From the Cornell link:
> Enforcement and Removal Operations (ERO), which enforces U.S. immigration law at, within, and beyond U.S. borders;
Are you saying the immigration/deportation enforcement (enforcement) is not federal? It seems it can only be enforced at the federal level [1].
Is this semantics? They're federal agents (this isn't up for interpretation, as case law exists). They enforce federal law [1]. What am I missing? You write as if there's an accepted legal definition. Please provide the reference! Help!
I don't know if it's intentional, but your formatting makes it very unclear where law ends and opinion begins.
[1] https://www.findlaw.com/immigration/immigration-laws-and-res...
Yes, immigration/deportation officers are enforcing civil violations, not criminal, meaning they don't qualify. HSI is the group that does actual criminal stuff and that qualify under statute. ICE officers aren't doing that. Also the statutes that give authority require proper training, which ICE is definitely not receiving with their cut down.
But nah, I'm not spending more time after your uncalled for 'AI website' dig. No need to be an ass or imply I'm using AI or take passive aggressive jabs. I looked but don't have that site in my history. I do have: https://www.govinfo.gov/app/details/USCODE-2024-title6/USCOD... https://www.law.cornell.edu/cfr/text/8/287.8 https://www.govinfo.gov/app/details/USCODE-2024-title6/USCOD... https://www.ice.gov/about-ice/ero along with others.

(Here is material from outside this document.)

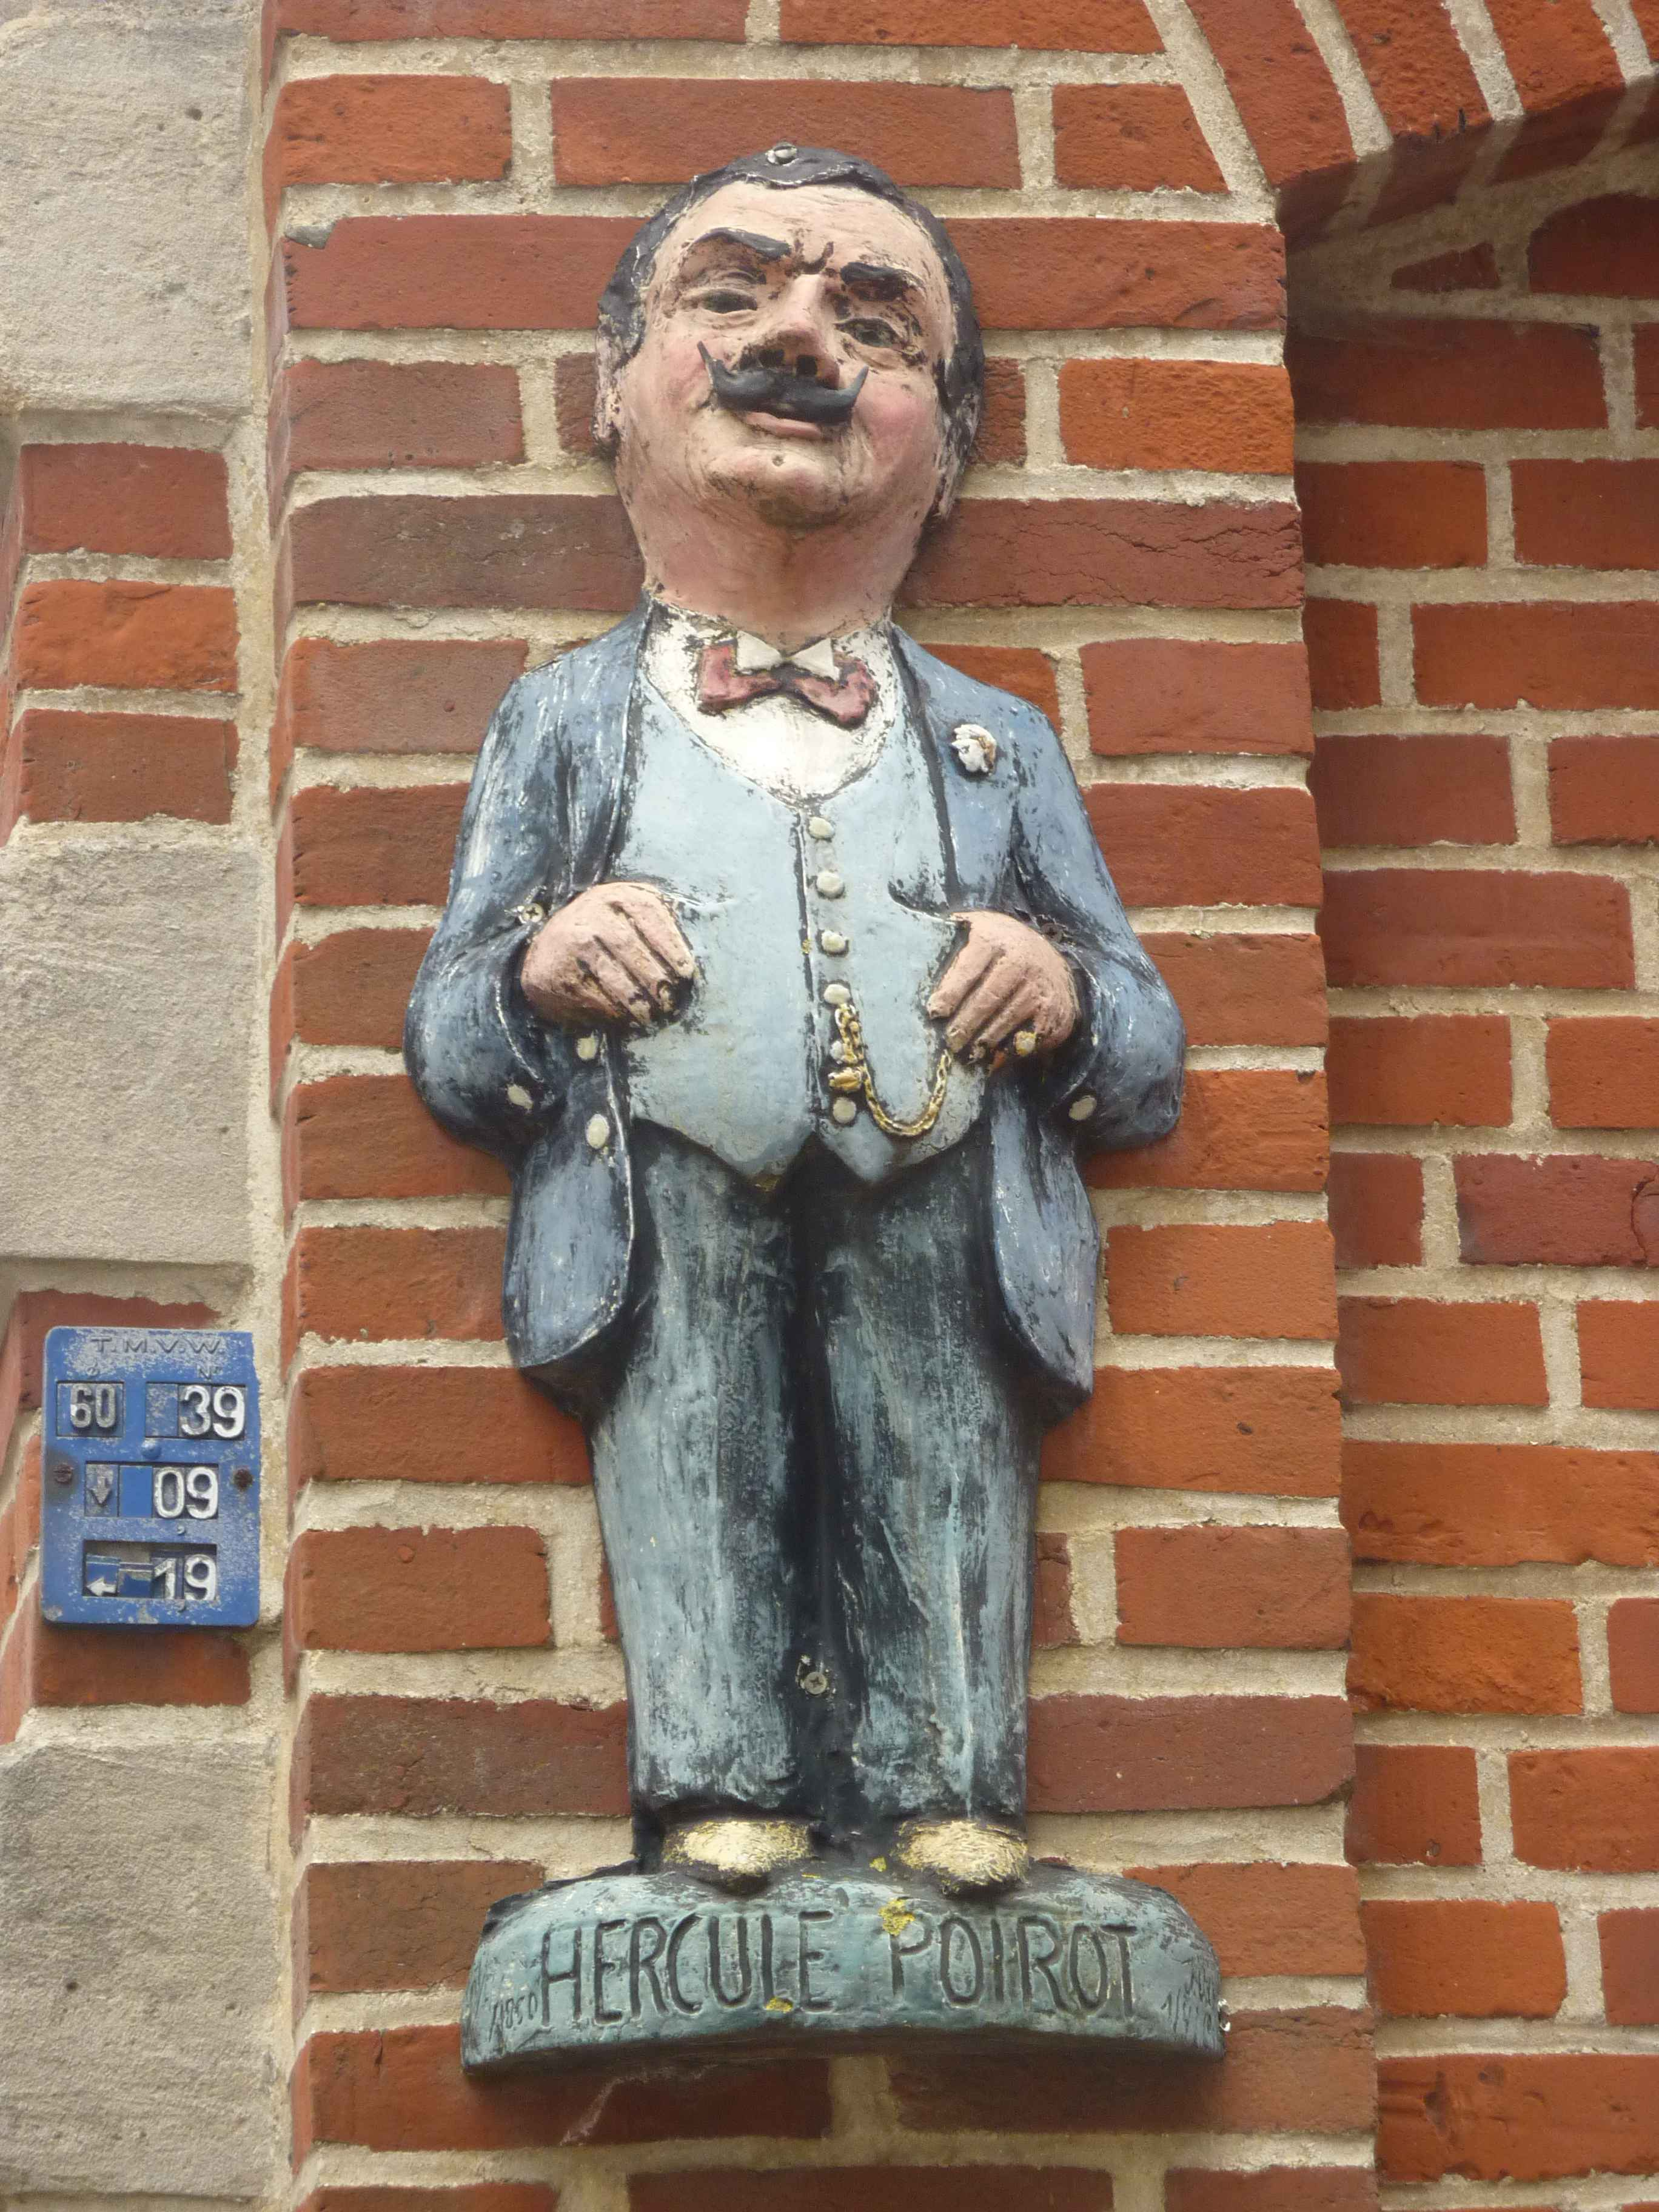 Estátua de Hercule Poirot, em Ellezelles, na Bélgica

> after your uncalled for 'AI website' dig
It wasn't a dig. I found the the verbatim text when I searched for some of your on an AI website, trying try to find a reference, since you didn't provide any. Your entire response was very confusing, being a mix of unreferenced pasted text from multiple sources, none that come to the conclusion that you made, which appears to be personal opinion, and, again, no delineation between text of law, pasted text from websites, and your opinion.
I don't see how they come to the conclusion that you do with those links, several seem to be tangential to if they are federal law enforcement. If you could quote exactly what makes you think what you do, that would be helpful, but I'm more interested in legal opinion with some level of qualification behind it, rather than personal opinion, since personal opinion is all I've been able to find.

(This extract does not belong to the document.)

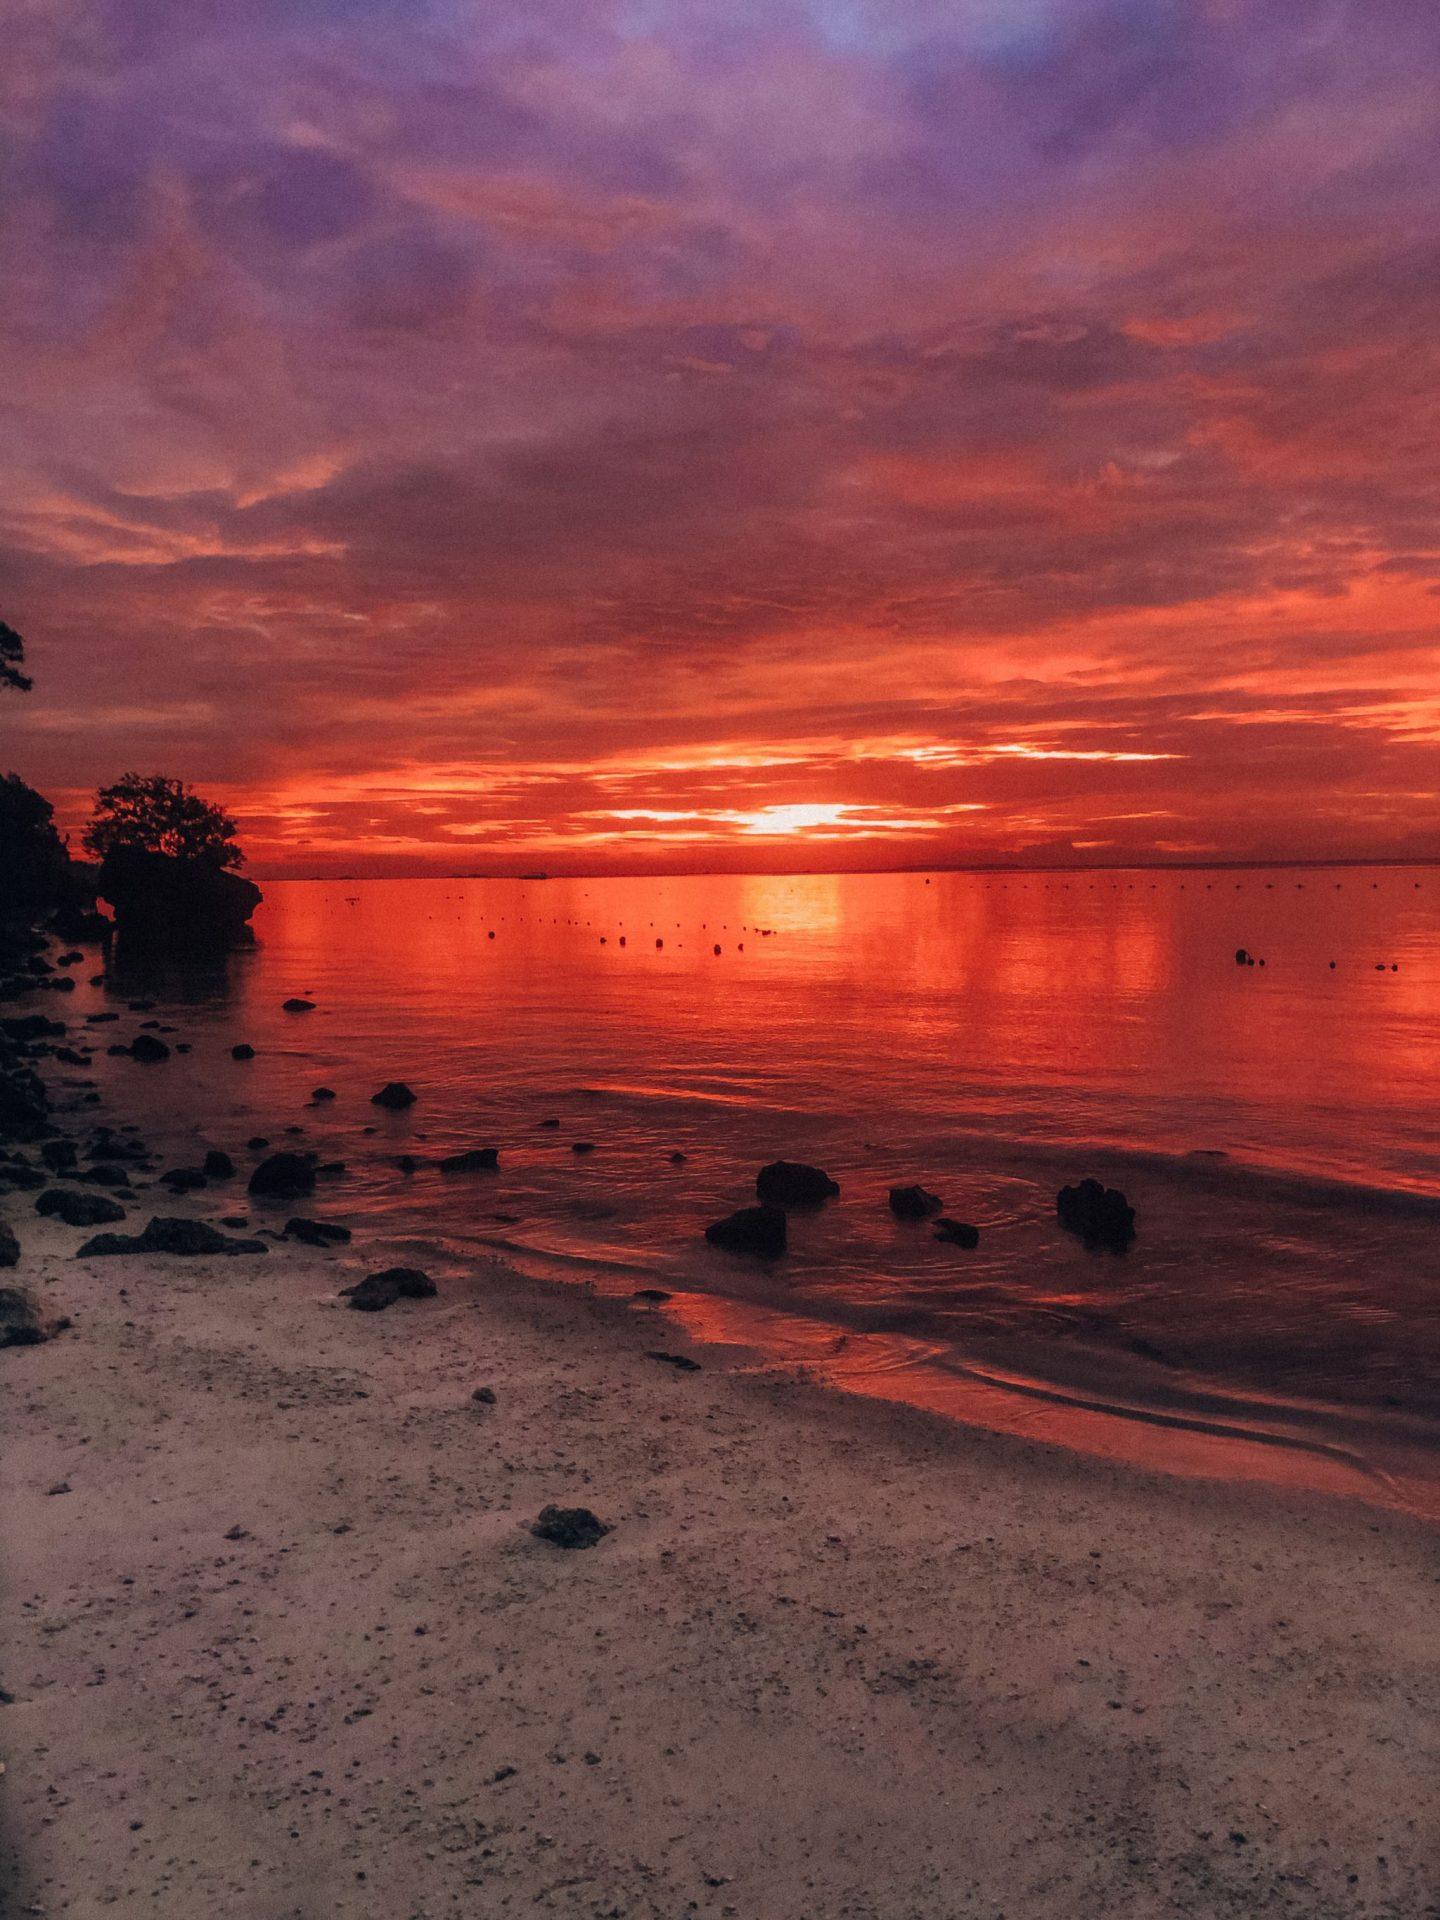 sunrise_alona_beach_lemonaidlies

For the basic training requirement, I guess you're referring to this [1], which is referenced from the others. Do you have a reference that they're not receiving this training? The closest I can find is this investigative journalist [2], with the conclusion seeming to be that they are, at least for the requirements of the law.
If they're not federal law enforcement, I would think finding a reference would be easy saying that they're not, but, again, I've never found one and nobody that claims they aren't has been able to provide one. Again, it is easy to find a reference that they are federal law enforcement.

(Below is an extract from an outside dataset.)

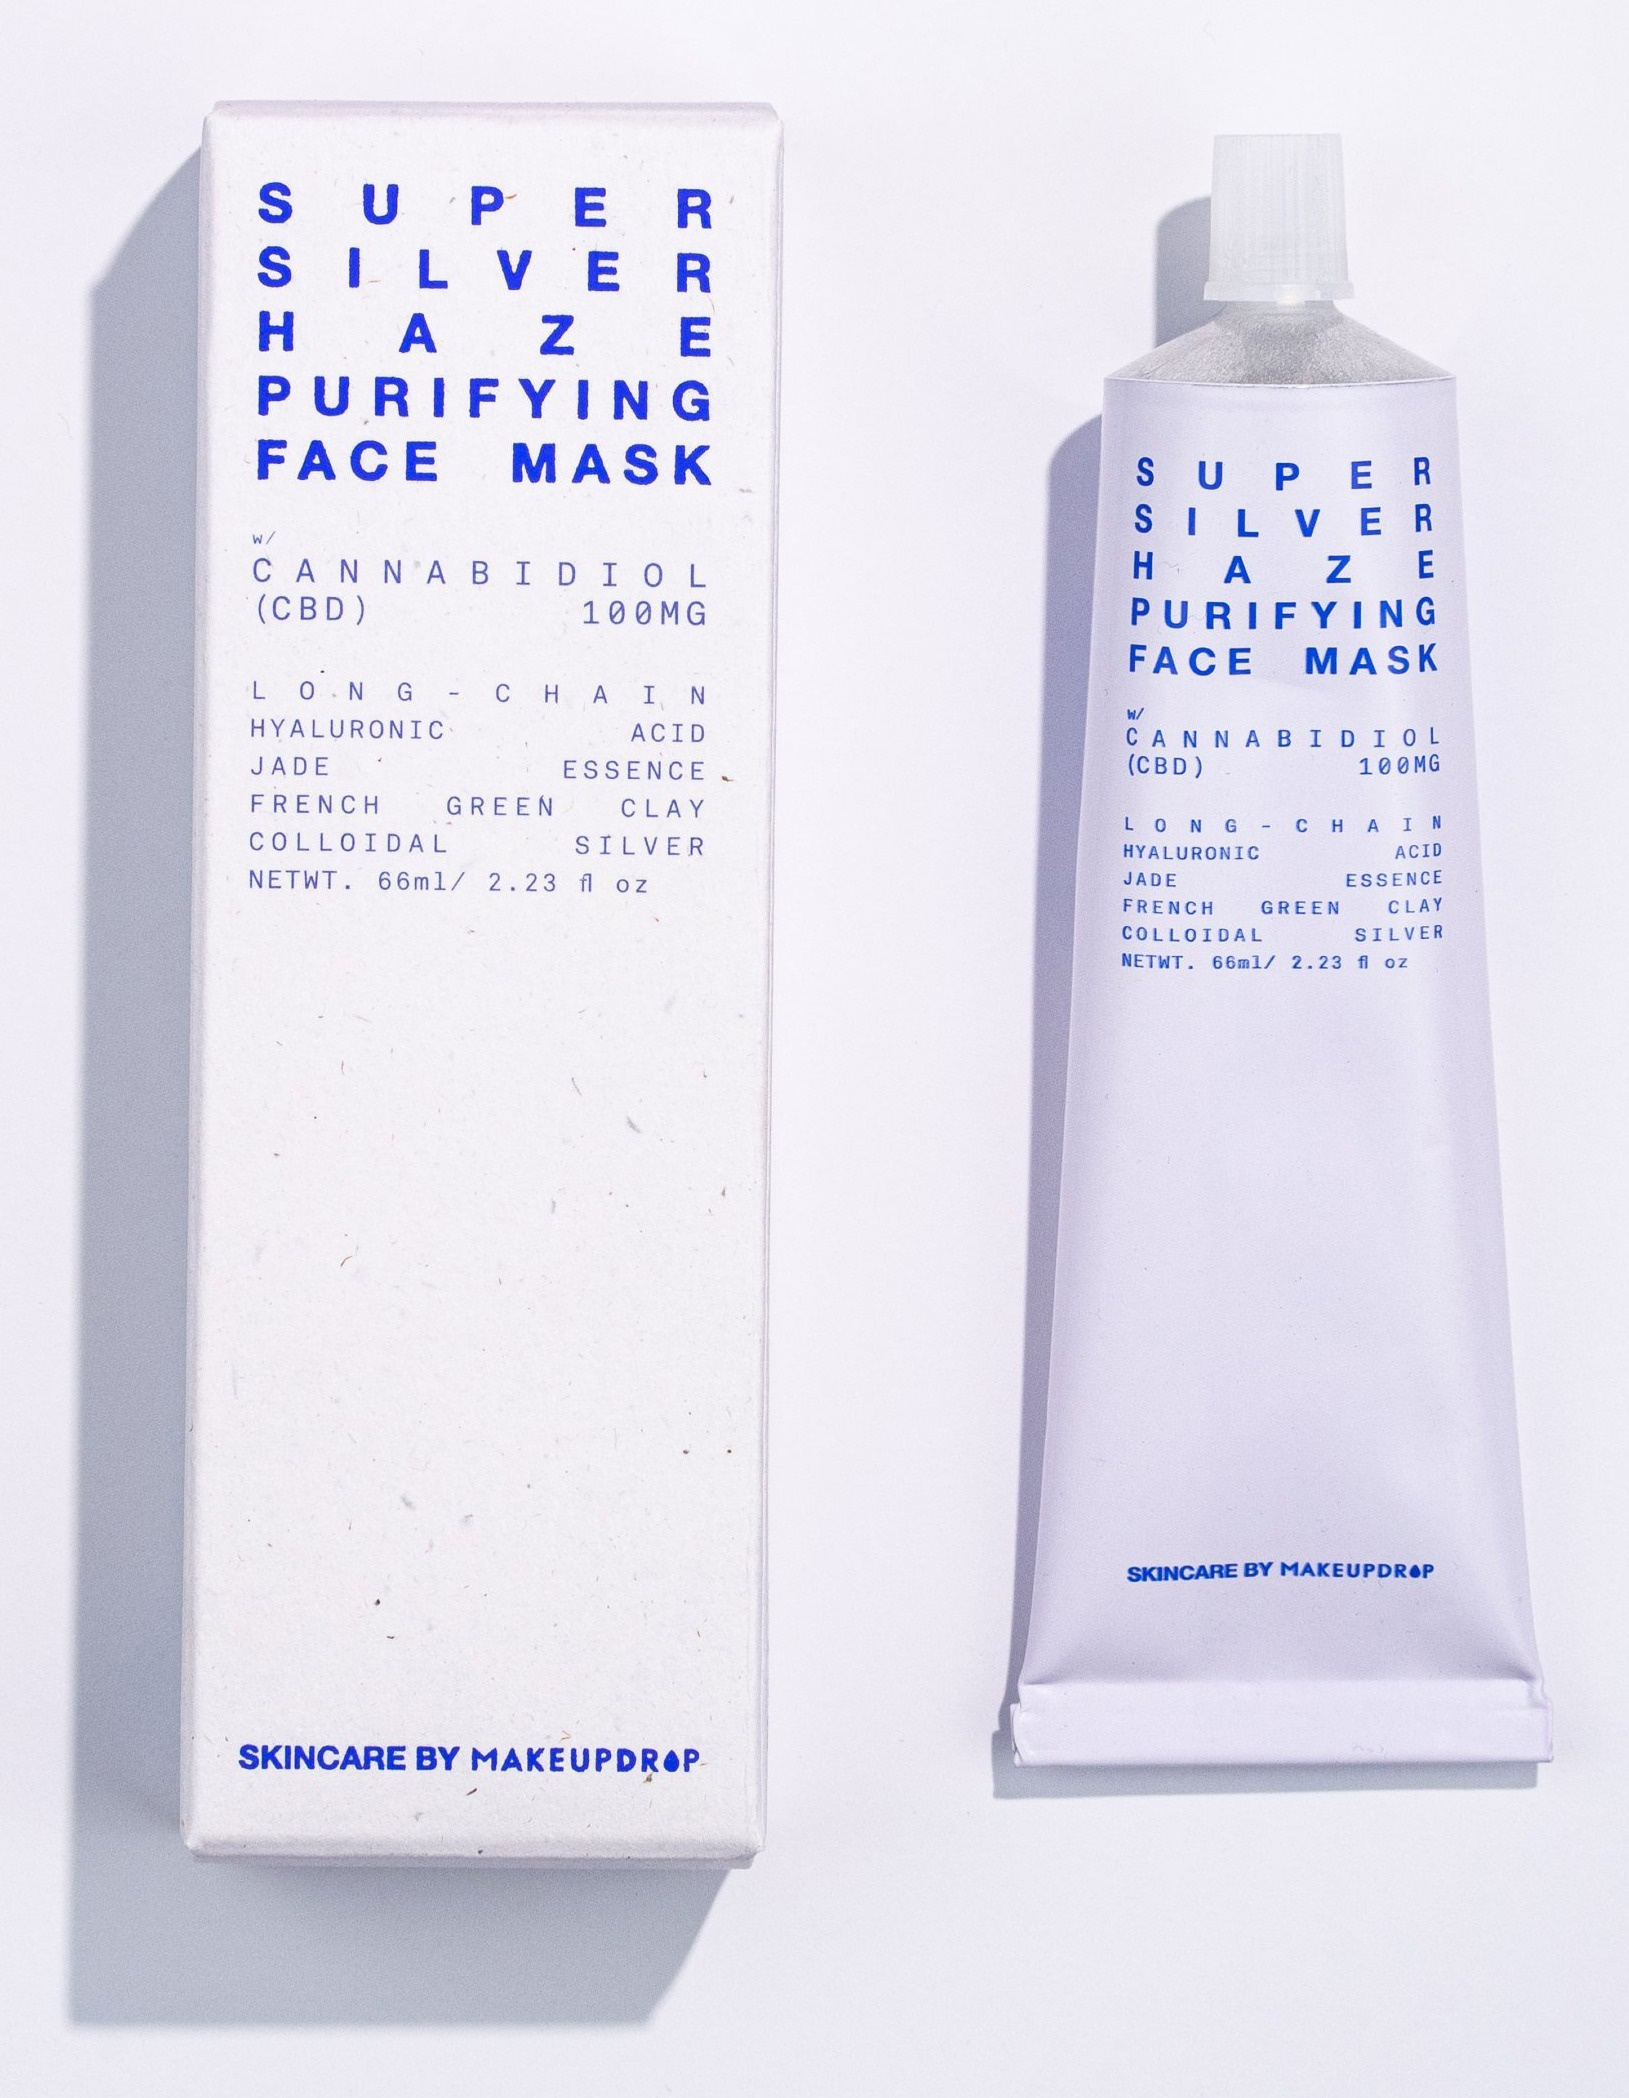 Super Silver Haze Purifying Face Mask

> I looked but don't have that site in my history.
The one website in my last comment was a reference for immigration law requiring federal enforcement. There's no reason it would be in your history, unless you thought it was for the AI website I found the text on, which means we're at the limits of communication here.
Cheers!
[1] > https://www.law.cornell.edu/definitions/index.php?width=840&...
[2] https://www.aljazeera.com/features/2026/1/23/are-ice-agents-...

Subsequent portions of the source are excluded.